陸老擺手,“我要知道,作為一名父親,我覺得自己應該清楚兒子是個什麼樣的人,為什麼會有人一定要他死,想要他命的又是一些什麼人。”
夏國華眉頭皺緊,這個場合說這些,肯定不合適,當然他親自過來也是帶有目的,他料到吳剛一定也會來,如果讓他在老領導麵前搬弄是非,此刻沉浸在喪子之痛的陸老很有可能被他擺布,然後做出一些對李威甚至是自己不利的事。
陸老在省裡的關係,夏國華也是要考慮的。
“說吧,我有心理準備,知子莫若父。”
陸老歎了一口氣,“白發人送黑發人,痛心疾首,但是我很清醒,如果澤林真的做了傷天害理的事,這是對他的懲罰。”

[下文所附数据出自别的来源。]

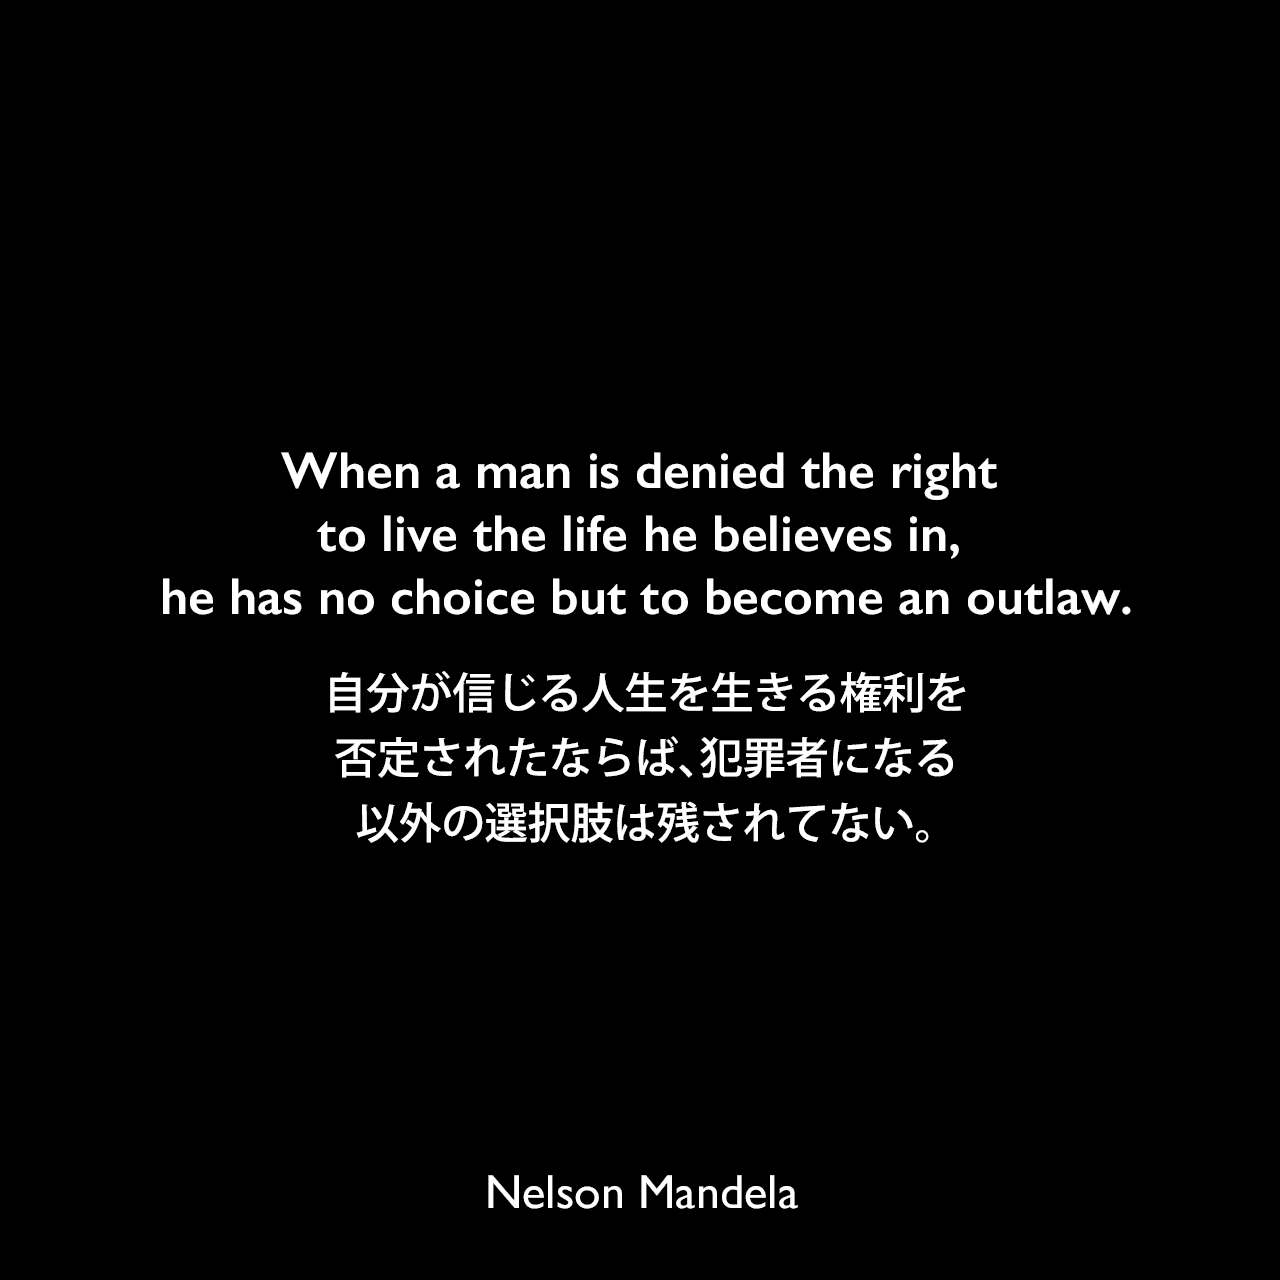 When a man is denied the right to live the life he believes in, he has no choice but to become an outlaw.自分が信じる人生を生きる権利を否定されたならば、犯罪者になる以外の選択肢は残されてない。- ネルソン・マンデラによる本「自由への長い道 ネルソン・マンデラ自伝」よりNelson Mandela

夏國華看向老領導,不由得心中佩服,白發人送黑發人,還是陸家的獨子,如果換做是普通人,早已喪失理智,此刻的陸老不僅能夠控製自己的情緒,而且頭腦極其清晰。
“老領導,借一步說話。”
夏國華拉著陸老的胳膊走到靈堂一側,確實不應該在靈堂裡說陸慶霖的不是。
“根據我目前掌握的情況,慶霖身上有命案,而且不止一起,無上雲宮涉嫌洗黑錢,而且數額巨大,已經引起國際反洗錢組織注意,應該還有彆的。”
“夠了。”
陸老咬緊牙,嘴唇抖了幾下,無法再聽下去,他歎了一口氣,“是我沒教好他,不怪任何人,但是我有一個請求,一定要抓住殺害澤林的凶手。”
“一定。”
夏國華陪著老領導小聲說著話,這時吳剛的專車也到了,曾戍被抓,臨時從市委辦公室調了個人過來,每天那麼多事,沒有秘書安排肯定不行。
“吳書記,那好像是夏市長的車子。”
吳剛睜開眼睛,剛剛在思考事情,夏國華那吃了癟,讓他認定是夏國華背後使壞,看似是在搞曾戍,其實是想借機打壓自己。
“沒事,開過去。”
吳剛的臉色不太好看,又被夏國華搶先了一步,他是想借著吊唁的機會煽風點火,把陸慶霖的死賴在夏國華和李威頭上,然後利用老領導在省裡的關係,當然最終的目的是為了他自己的利益,如果能有機會搞垮夏國華,那麼淩平市就是自己說了算。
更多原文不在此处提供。